Command to quantize:

cd ${YourWorkSpace}/intel-extension-for-transformers/examples/huggingface/pytorch/text-generation/quantization

python run_generation_gpu_woq.py \
    --model $model_path \
    --woq --woq_algo AutoRound  \
    --use_quant_input \
    --calib_iters 200  \
    --lr 5e-3 \
    --minmax_lr 1e-2 \
    --output_dir llama3_all_int4  \
    --nsamples 512

The int4 model is saved in folder ~/llama3_all_int4.

2.1.2 Measure Llama 3 WOQ INT4 Performance on Windows 11

  • Command:

unset LLM_ACC_TEST
python run_generation_gpu_woq_for_llama.py --model ${PATH/TO/MODEL} --benchmark --profile_token_latency
*Note:* replace ${PATH/TO/MODEL} with actual Llama 3 INT4 model local path

2.1.3 Validate Llama 3 WOQ INT4 Accuracy on Windows 11

  • Command:

set LLM_ACC_TEST=1 
python run_generation_gpu_woq_for_llama.py --model ${PATH/TO/MODEL} --accuracy --task "openbookqa"
python run_generation_gpu_woq_for_llama.py --model ${PATH/TO/MODEL} --accuracy --task "piqa"
python run_generation_gpu_woq_for_llama.py --model ${PATH/TO/MODEL} --accuracy --task "rte"
python run_generation_gpu_woq_for_llama.py --model ${PATH/TO/MODEL} --accuracy --task "truthfulqa_mc1"
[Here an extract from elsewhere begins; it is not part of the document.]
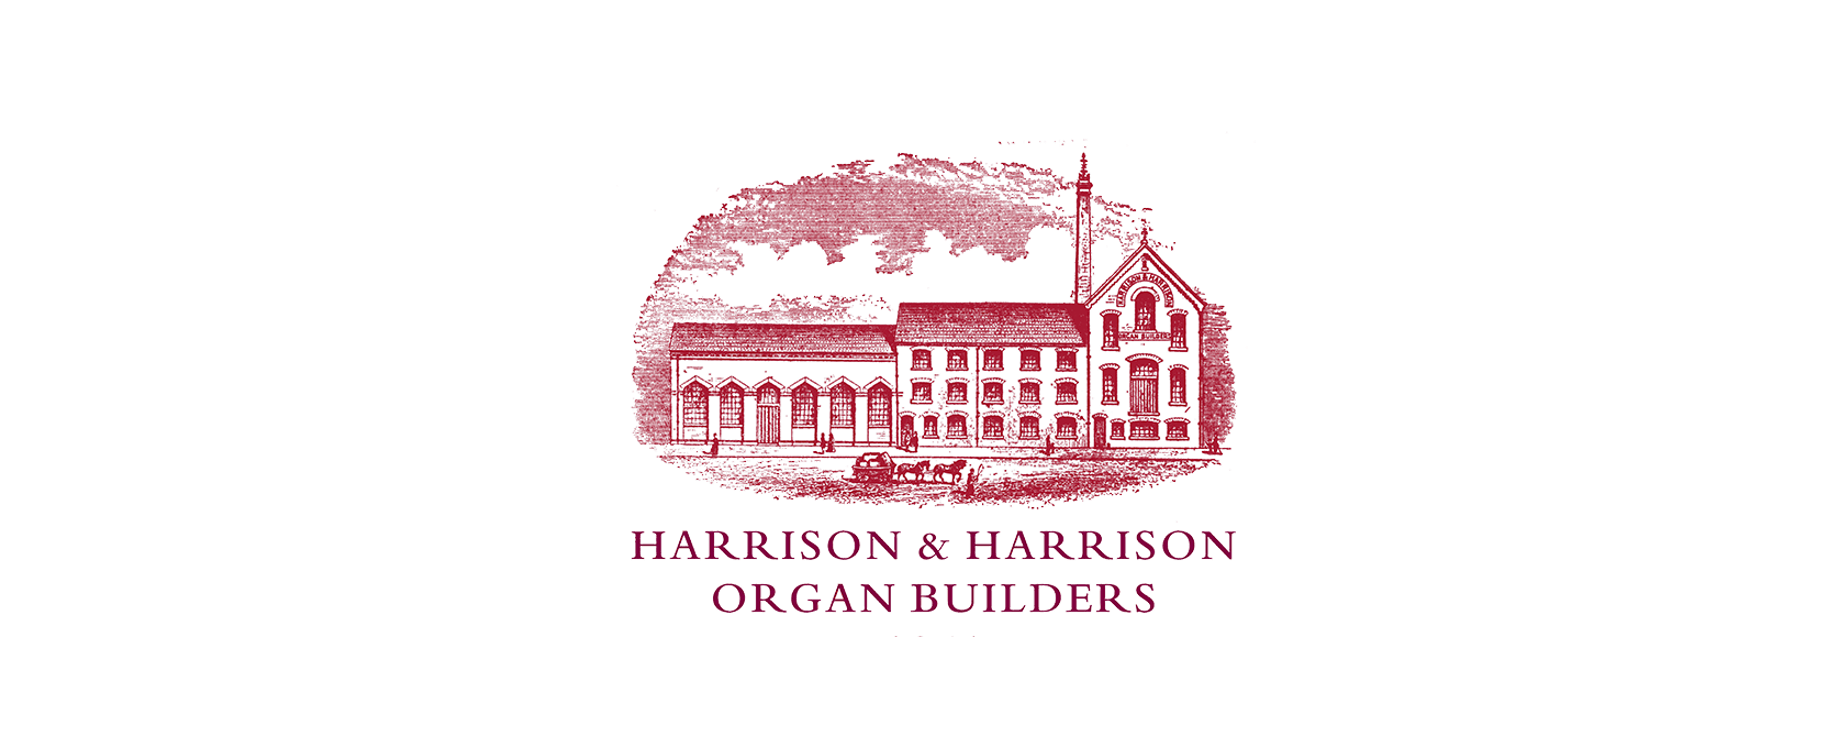 Harrison & Harrison Ltd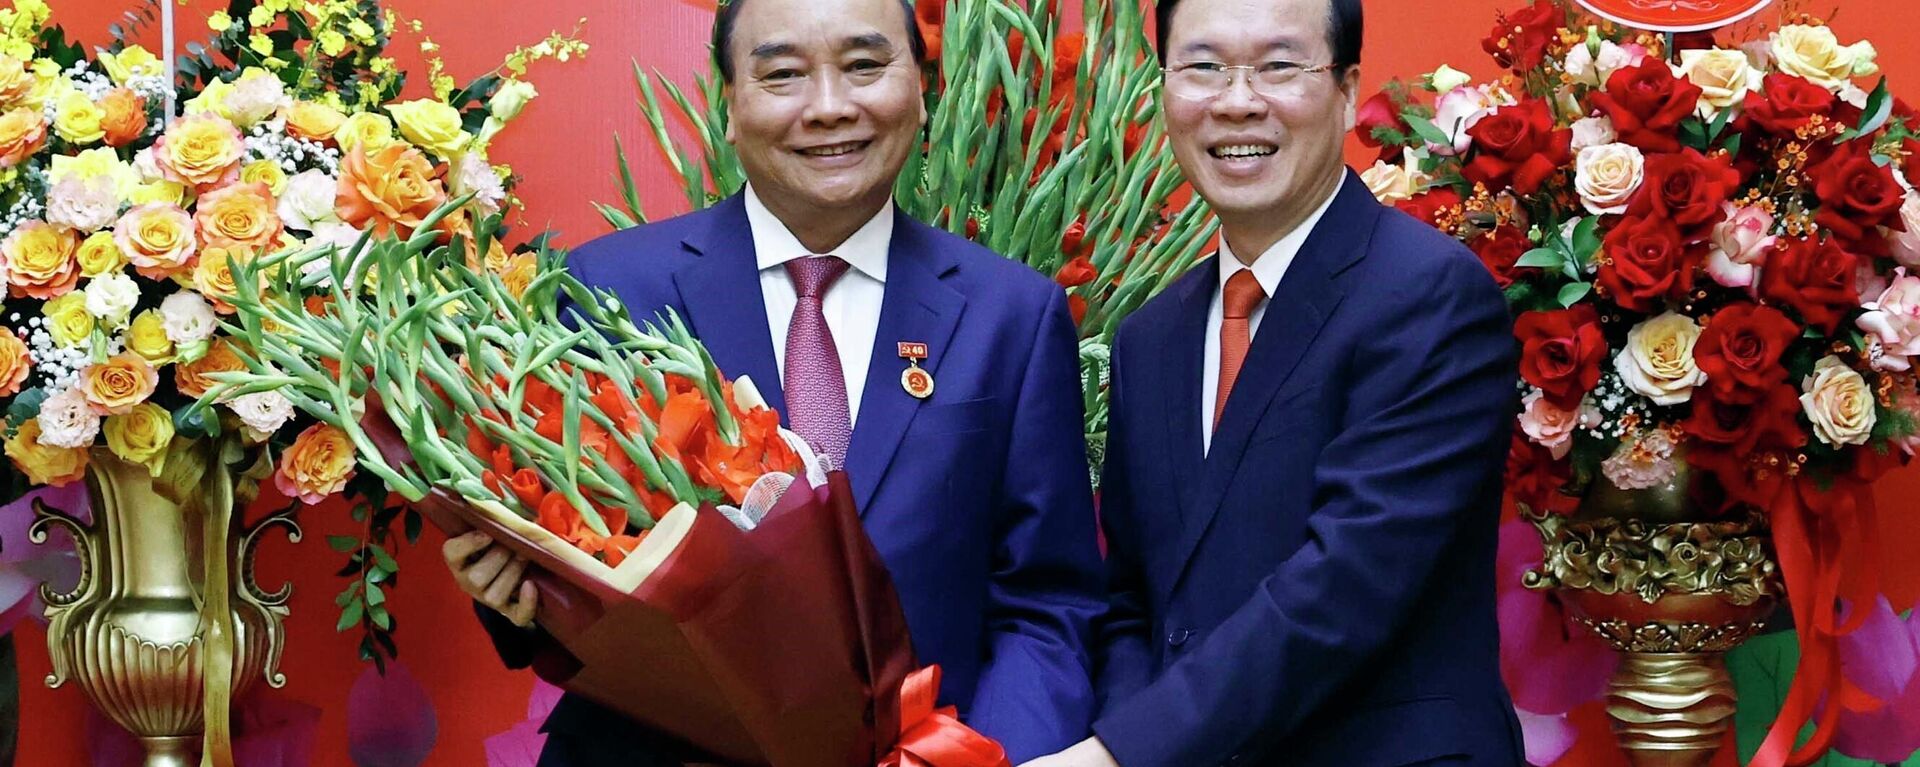 Lễ trao Huy hiệu 40 năm tuổi Đảng tặng đồng chí Nguyễn Xuân Phúc - Sputnik Việt Nam, 1920, 07.11.2022

*Note:* replace ${PATH/TO/MODEL} with actual Llama 3 INT4 model local path
*Note:* you may validate the Llama 3 WOQ INT4 accuracy using any task listed above, such as the first command with "openbookqa" only,
or validate all of them, depending on your needs. Please expect more time needed for executing more than one task.

Miscellaneous Tips

Intel® Extension for PyTorch* also provides dedicated optimization for many other Large Language Models (LLM), which covers a set of data types for supporting various scenarios. For more details, please check Large Language Models (LLM) Optimizations Overview. To replicate Llama 3 performance numbers on Intel ARC A770, please take advantage of IPEX-LLM.